40 Prozent der in die Analyse einbezogenen rund 74.000 Frauen waren in ihrem Erwachsenenleben nie übergewichtig, sie hatten einen Body-Mass-Index (BMI) von unter 25. Von den verbleibenden 60 Prozent war fast die Hälfte einmal fettleibig, hatte also einen BMI von über 30. Die durchschnittliche Dauer des Übergewichts lag bei rund 31 Jahren und die der Fettleibigkeit bei rund 20,5 Jahren.

Während des Beobachtungszeitraums von 12,6 Jahren wurden ungefähr 6.300 Übergewichts-assoziierte Krebserkrankungen diagnostiziert. Die Studie untersuchte, inwiefern sich zwischen den beiden Größen klare Zusammenhänge feststellen lassen.

Dosis-Wirkungsbeziehung zwischen Übergewicht und Krebs

Die Wissenschaftler fanden heraus, dass längere Zeiten von Übergewicht und Adipositas die Gesamt-Inzidenz von Übergewichts-assoziierten Krebserkrankungen signifikant erhöhte: Bezogen auf einen Zeitraum von zehn Jahren Übergewicht im Erwachsenenalter stieg sie um 7 Prozent. Die postmenopausalen Brustkrebsraten sind mit einem um 5 Prozent höheren Risiko verbunden, ermittelten die Wissenschaftler, und Gebärmutterkrebs mit einem um 17 Prozent höheren Risiko. Dabei wurde für fast alle Krebsarten eine Dosis-Wirkungsbeziehung zur Dauer des Übergewichts gefunden. Berücksichtigt man dabei zusätzlich die Intensität des Übergewichts, so stiegen diese Zahlen für alle Krebsarten auf 12 Prozent an, für den postmenopausalen Brustkrebs auf 8 Prozent und für das Endometriumkarzinom auf 37 Prozent – bezogen auf zehn Jahre mit einem Body Mass Index von mehr als zehn über Normalgewicht.

Hormone könnten das Risiko mindern

Ein weiteres Ergebnis der Analyse ist, dass das Risiko von postmenopausalem Brust- oder Gebärmutterkrebs in Abhängigkeit von der Dauer des Übergewichts beziehungsweise der Fettleibigkeit durch die Gabe von Hormonen nach der Menopause modifiziert wird. Bei den Hormon-Nutzerinnen ist das Risiko abgeschwächt oder sogar ganz verschwunden. 
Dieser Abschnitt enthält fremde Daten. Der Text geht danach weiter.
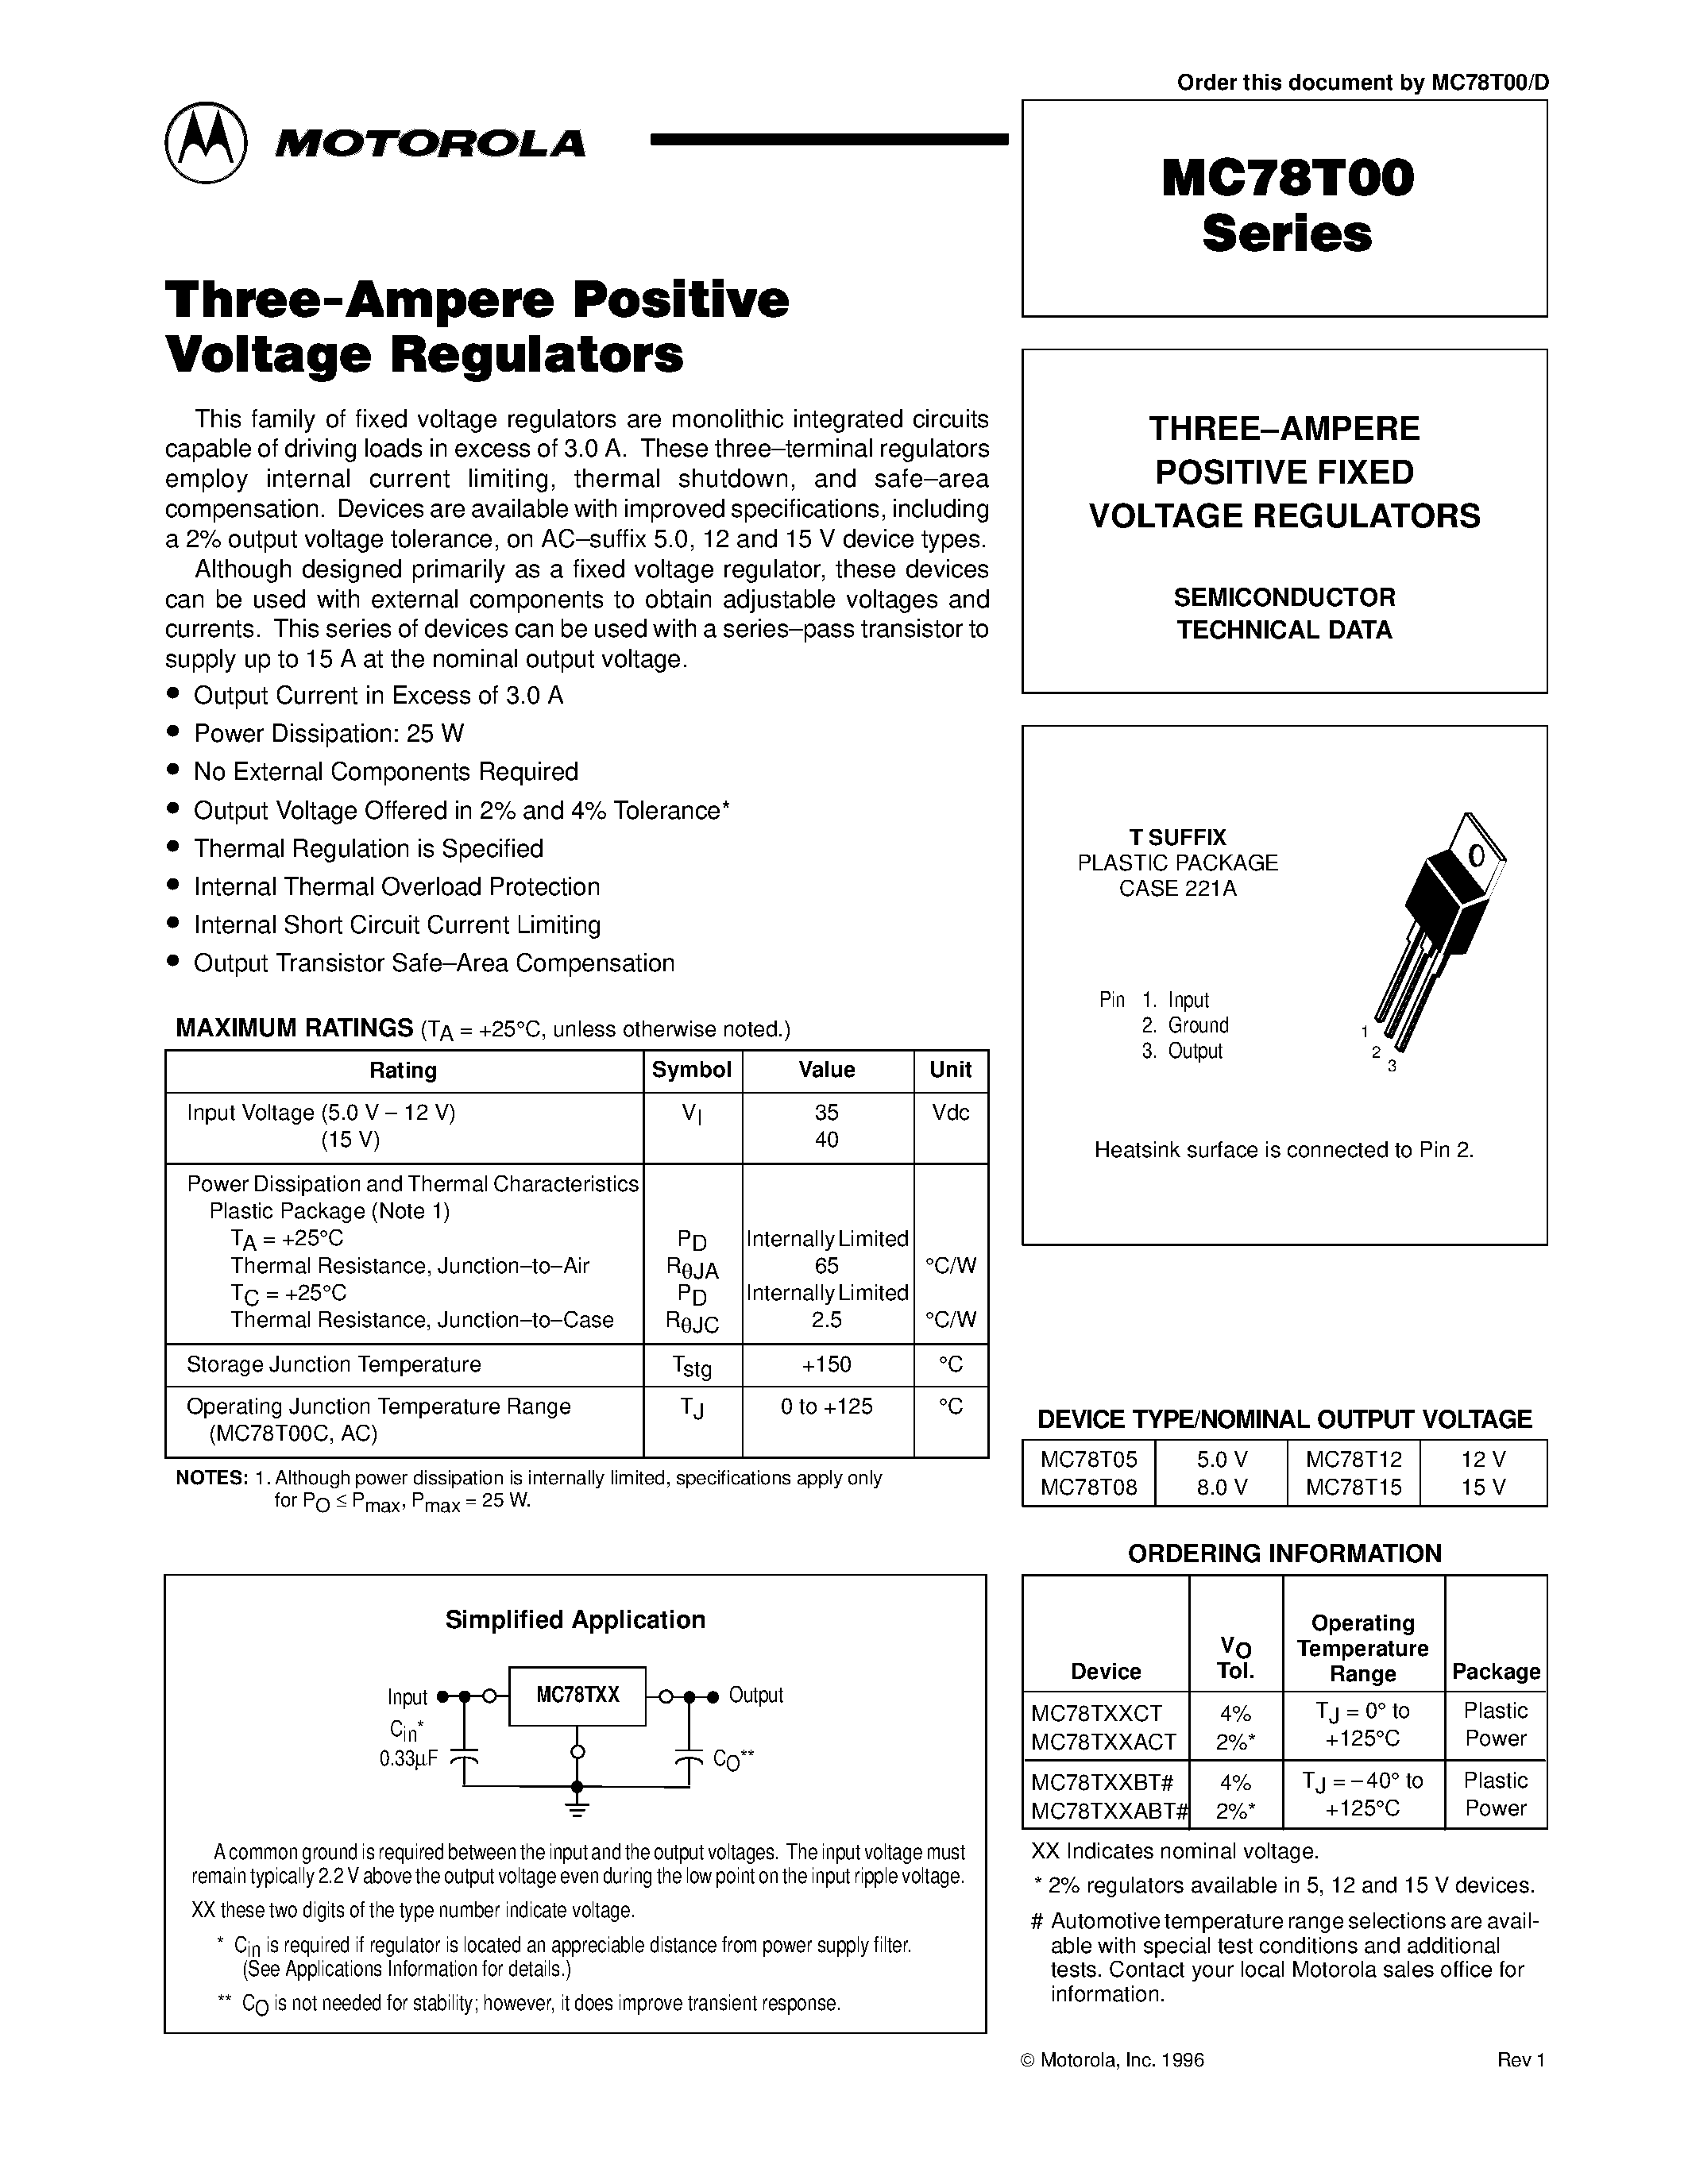 Datasheet MC78T15C - THREE-AMPERE POSITIVE FIXED VOLTAGE REGULATORS page 1

Die Autoren gestehen zu, dass ihre Analyse mit Einschränkungen zu bewerten ist. Einige Daten zu den Studienteilnehmerinnen seien rückwirkend aus Eigen-Berichten gewonnen worden. Außerdem gebe es wie in allen Langzeitstudien Datenlücken, die jedoch mit statistischen Methoden teilweise „ausgebügelt“ werden konnten. Klinische Empfehlungen ließen sich deshalb aus den erhobenen Befunden nicht ableiten. Für eine klare Aussage reichen sie allerdings aus ihrer Sicht trotzdem aus: Im Hinblick auf das Risiko der Entwicklung unterschiedlicher Krebsarten, das mit starkem und längerem Übergewicht offenbar verbunden ist, kann mit der Adipositas-Prävention in allen Altersgruppen nicht früh genug angefangen werden.